From: "Huang, Ying" <ying.huang@intel.com>
To: Zi Yan <ziy@nvidia.com>
Cc: Andrew Morton <akpm@linux-foundation.org>, <linux-mm@kvack.org>,
<linux-kernel@vger.kernel.org>, Yang Shi <shy828301@gmail.com>,
Baolin Wang <baolin.wang@linux.alibaba.com>,
Oscar Salvador <osalvador@suse.de>,
"Matthew Wilcox" <willy@infradead.org>,
Bharata B Rao <bharata@amd.com>,
"Alistair Popple" <apopple@nvidia.com>,
haoxin <xhao@linux.alibaba.com>
Subject: Re: [PATCH 8/8] migrate_pages: batch flushing TLB
Date: Wed, 04 Jan 2023 09:41:14 +0800 [thread overview]
Message-ID: <87o7rfm5z9.fsf@yhuang6-desk2.ccr.corp.intel.com> (raw)
In-Reply-To: <D8F02562-AA7E-4868-BE58-F1144728A352@nvidia.com> (Zi Yan's message of "Tue, 03 Jan 2023 14:19:23 -0500")
Zi Yan <ziy@nvidia.com> writes:
> On 26 Dec 2022, at 19:28, Huang Ying wrote:
>
>> The TLB flushing will cost quite some CPU cycles during the folio
>> migration in some situations.

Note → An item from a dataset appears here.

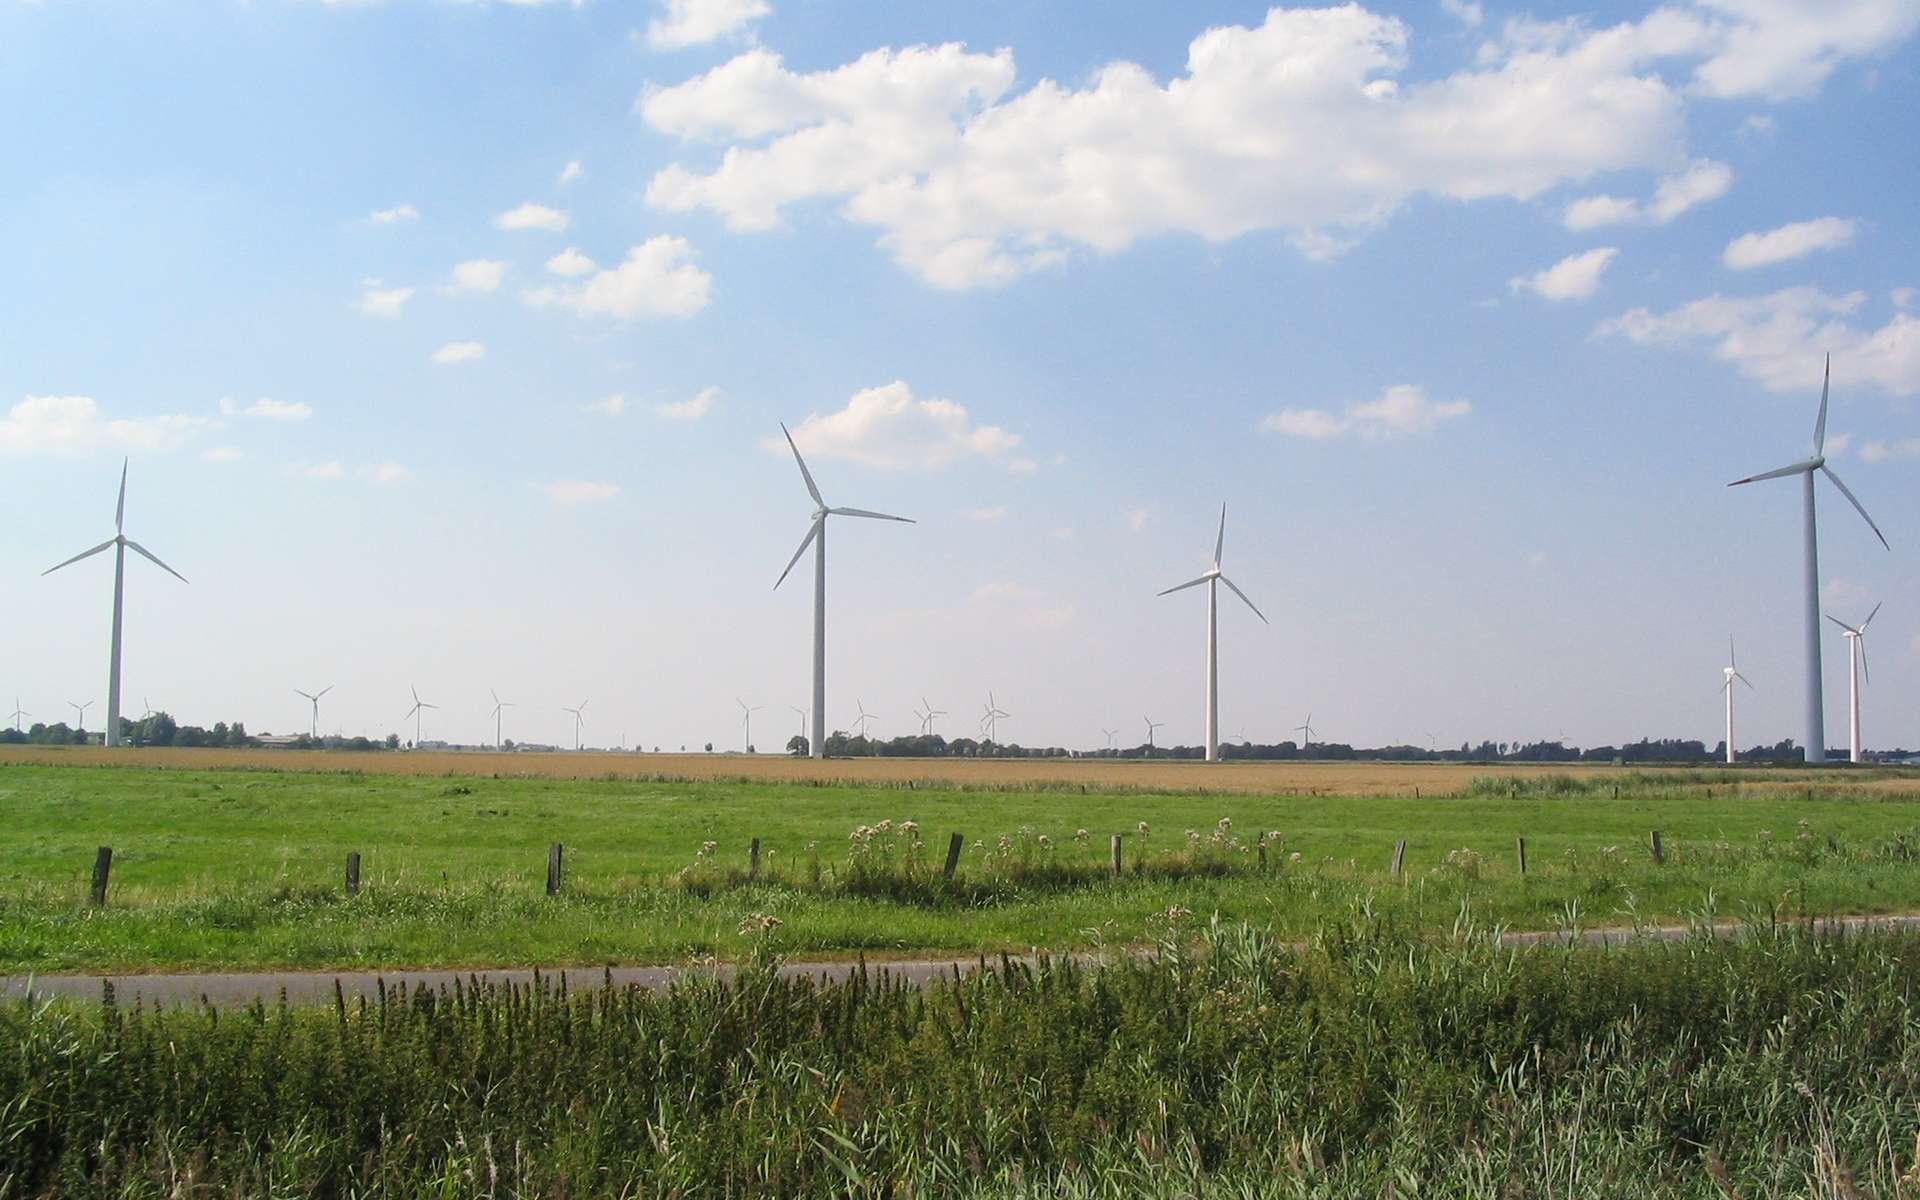 Éoliennes dans la campagne allemande. © Dirk Ingo Franke, Wikimedia Commons, cc by sa 1.0

For example, when migrate a folio of a
>> process with multiple active threads that run on multiple CPUs. After
>> batching the _unmap and _move in migrate_pages(), the TLB flushing can
>> be batched easily with the existing TLB flush batching mechanism.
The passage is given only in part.